АКАДЕМИЧЕСКАЯ НАХОДКА
Одна из учениц академика М.В.Нечкиной (кажется, Р.Киреева) обнаружила в архиве некий важный документ декабристского движения и принесла его показать Милице Васильевне. Та разохалась: «Это чрезвычайно важная находка! Ее немедленно следует опубликовать!» Публикация была подготовлена со всеми должными комментариями и сдана в научный журнал. Однако рецензенты вынуждены были ее отвергнуть на том основании, что этот документ еще в 20-е годы был уже издан и прокомментирован... М.В.Нечкиной.
ИСТОРИЧЕСКИЕ ФАКТЫ
Милица Васильевна как-то рассказала мне историю восстановления духовных учебных заведений. В конце войны, когда церковь укрепила свой авторитет пожертвованиями в Фонд обороны, у тогдашнего патриарха Сергия состоялся необычный разговор со Сталиным. «У нас осталось совсем немного священнослужителей и мы просим разрешить открытие семинарии и академии для подготовки необходимой смены». — «Что же вы нэ убэрэгли свои кадры?! — «Растаскивают, Иосиф Виссарионович!» — «Как так растаскивают?» — «Да вот, готовили мы одного в епископы, а он стал Верховным главнокомандующим!» — «Ха-ха! Разрэшаю!»
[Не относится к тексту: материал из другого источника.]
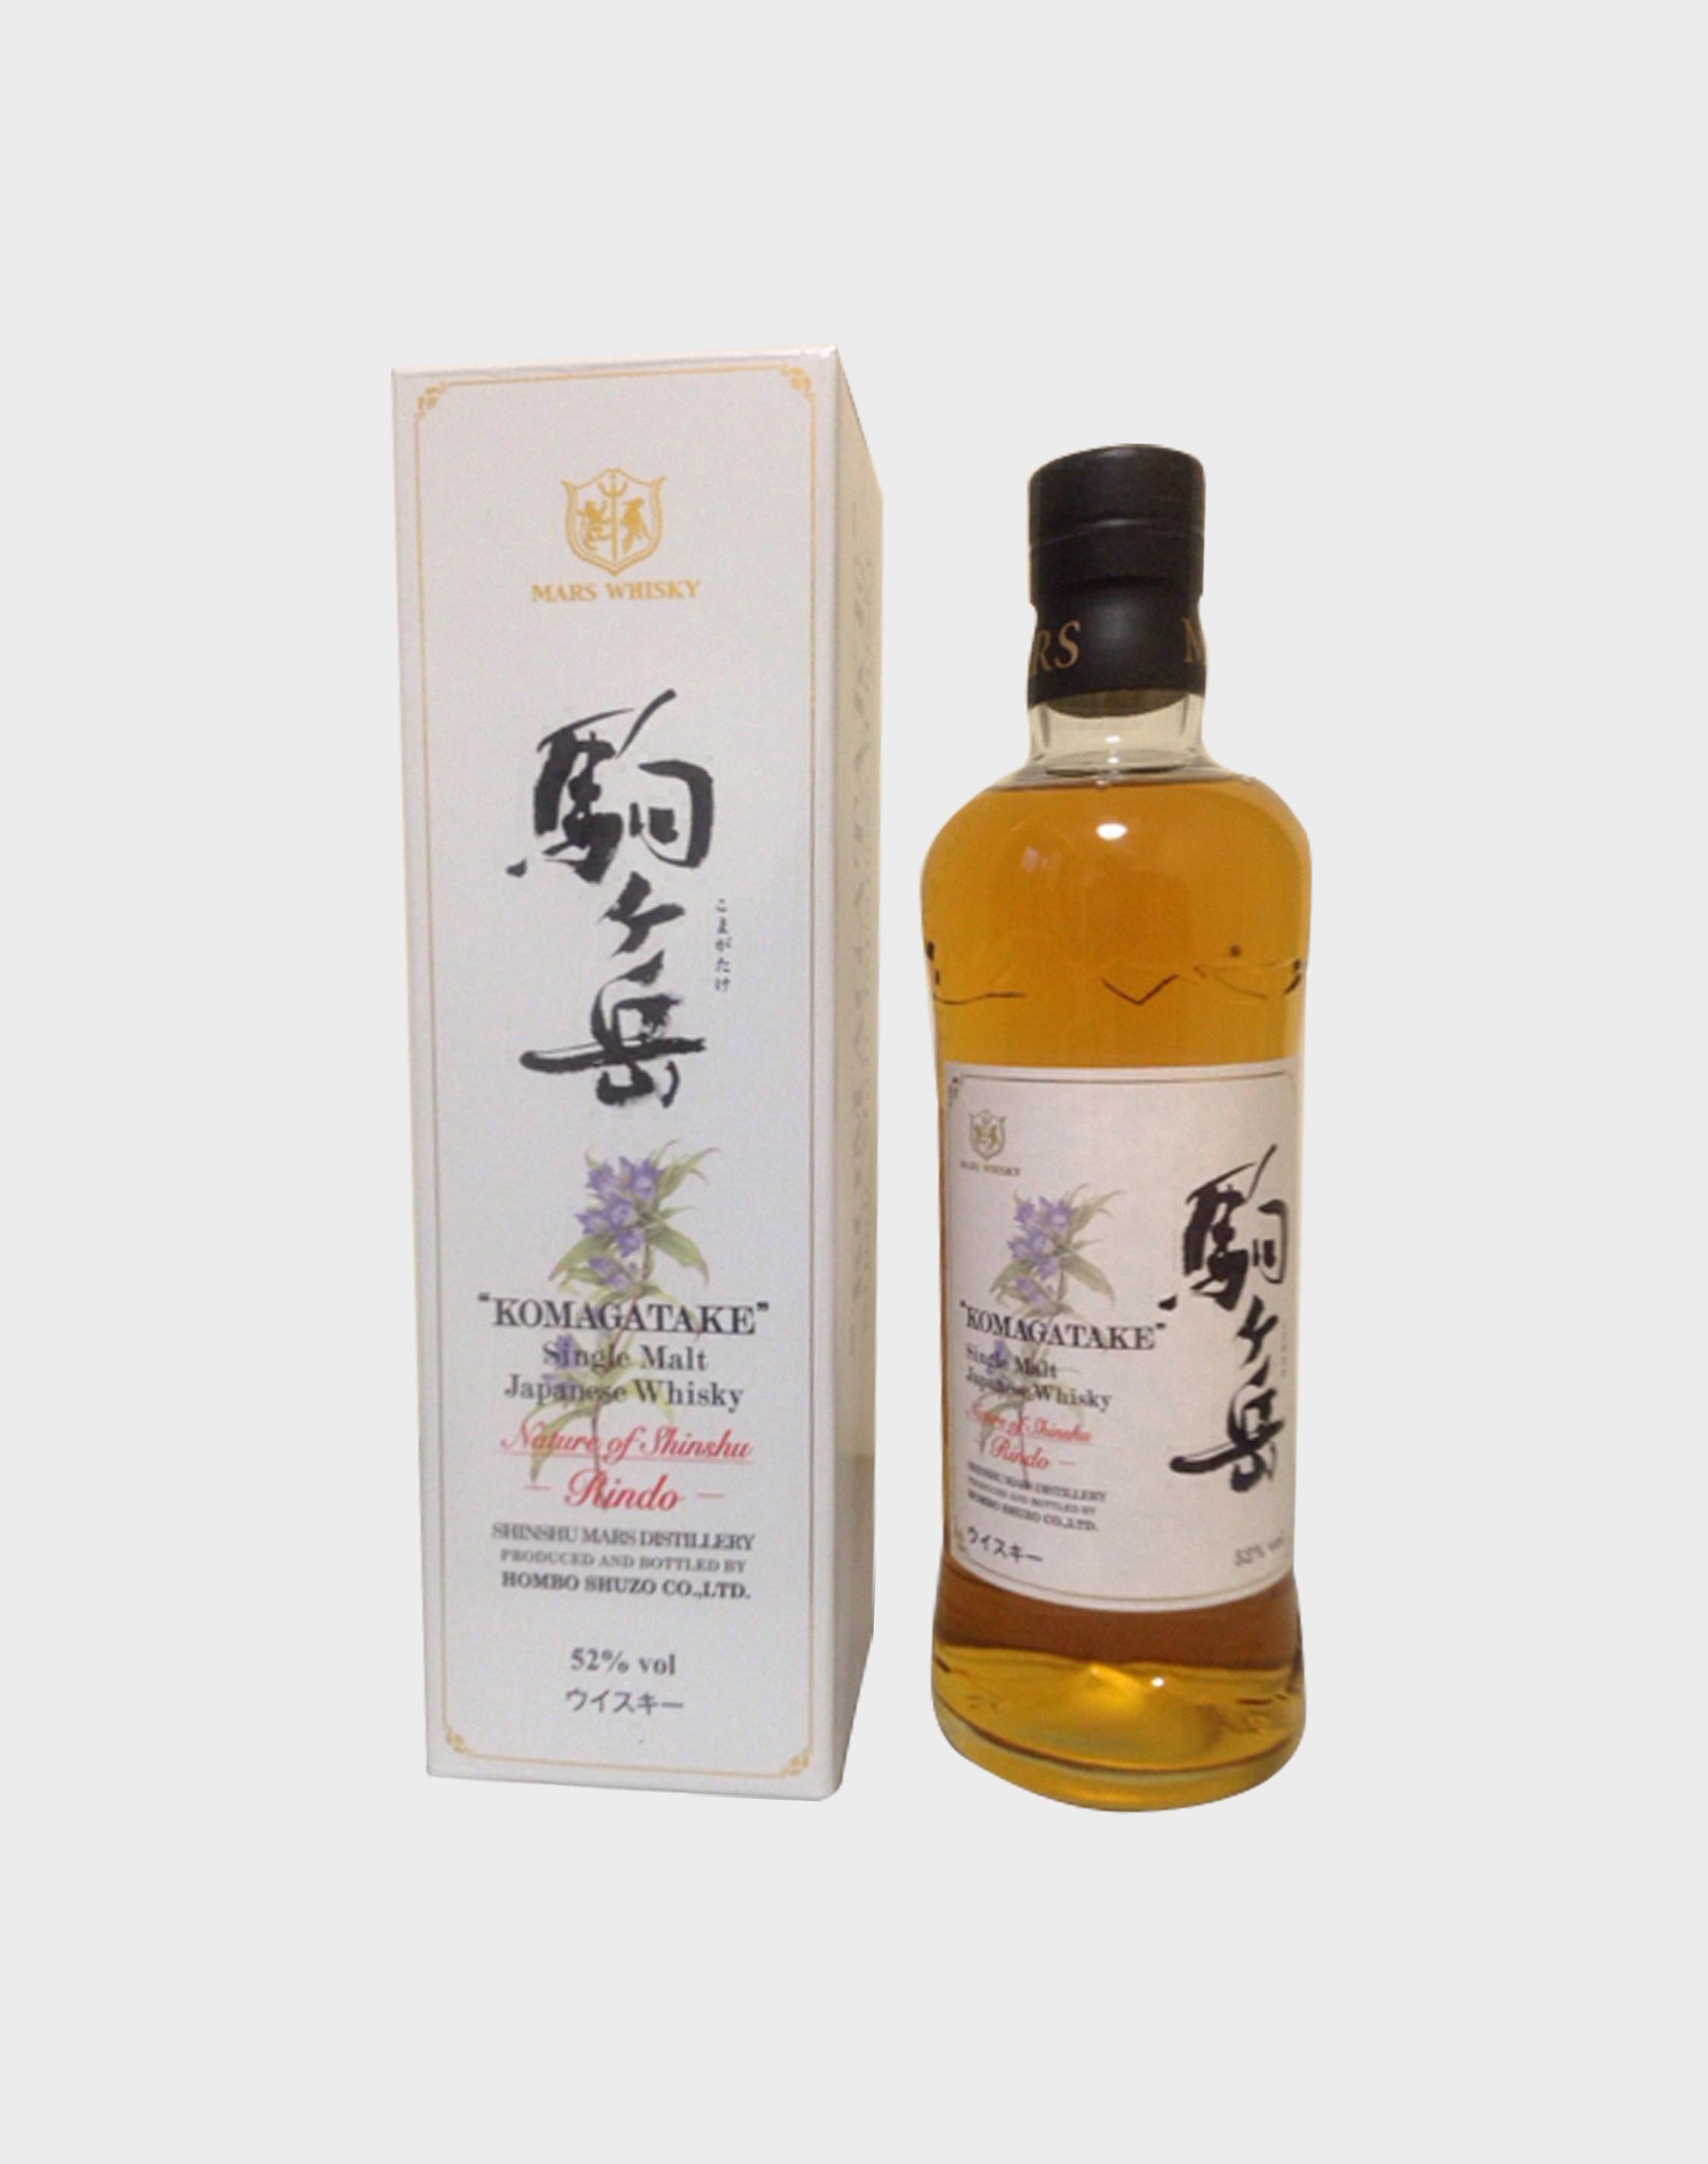 Komagatake whisky rindo

Один высокий духовный иерарх, которому я пересказал эту историю, подтвердил ее достоверность.
ГОЛОСОВАТЬ НАДО УМЕЮЧИ
Запомнилось первое Общее собрание академии после избрания академика Анатолия Петровича Александрова президентом. Собрание проходило в Доме ученых, и по его программе потребовалось голосование с подсчетом голосов академиков. Для подсчета были назначены три выдающихся академика. Правую сторону считал С.Л.Соболев, левую — Г.И.Будкер, галерку — уже не помню кто. Считали, потом для верности пересчитывали. У всех сошлось, а у Соболева получились разные цифры. Александров отечески журит Соболева: «Что же это вы? Выдающийся математик, а считать не научились!» Соболев оправдывается: «Анатолий Петроввич! Видите ли, некоторые академики так неаккуратно голосуют, что невозможно понять, то ли они голосуют, то ли за голову держатся». Александров: «Товарищи академики! очень прошу вас в момент голосования держаться не за голову, а за любое другое место!»
А ТЕМА ВСЕГДА НАЙДЕТСЯ
Член-корреспондент Исаак Абрамович Казарновский был яростным противником всяческих лженаучных проявлений, когда в моду стали входить разные экстрасенсы и прочие предтечи чумаков и кашпировских. произнес он с трибуны Общего собрания очередную гневнуб речь, которая побудила А.П.Александрова к воспоминаниям:
— Были у меня две сестры немного постарше меня. И эдак в 1912-м заразились они модным тогда поветрием столоверчения. Прибегают однажды и с восторгом рассказывают отцу: «Папа! Мы сегодня целый час разговаривали с духом Льва Толстого!» Отец на это сказал: «Я вполне допускаю существование духов. Следовательно, допускаю и существование духа Льва Толстого. Но я даже вообразить не могу, о чем целый час дух Льва Николаевича мог с вами, дурами, разговаривать».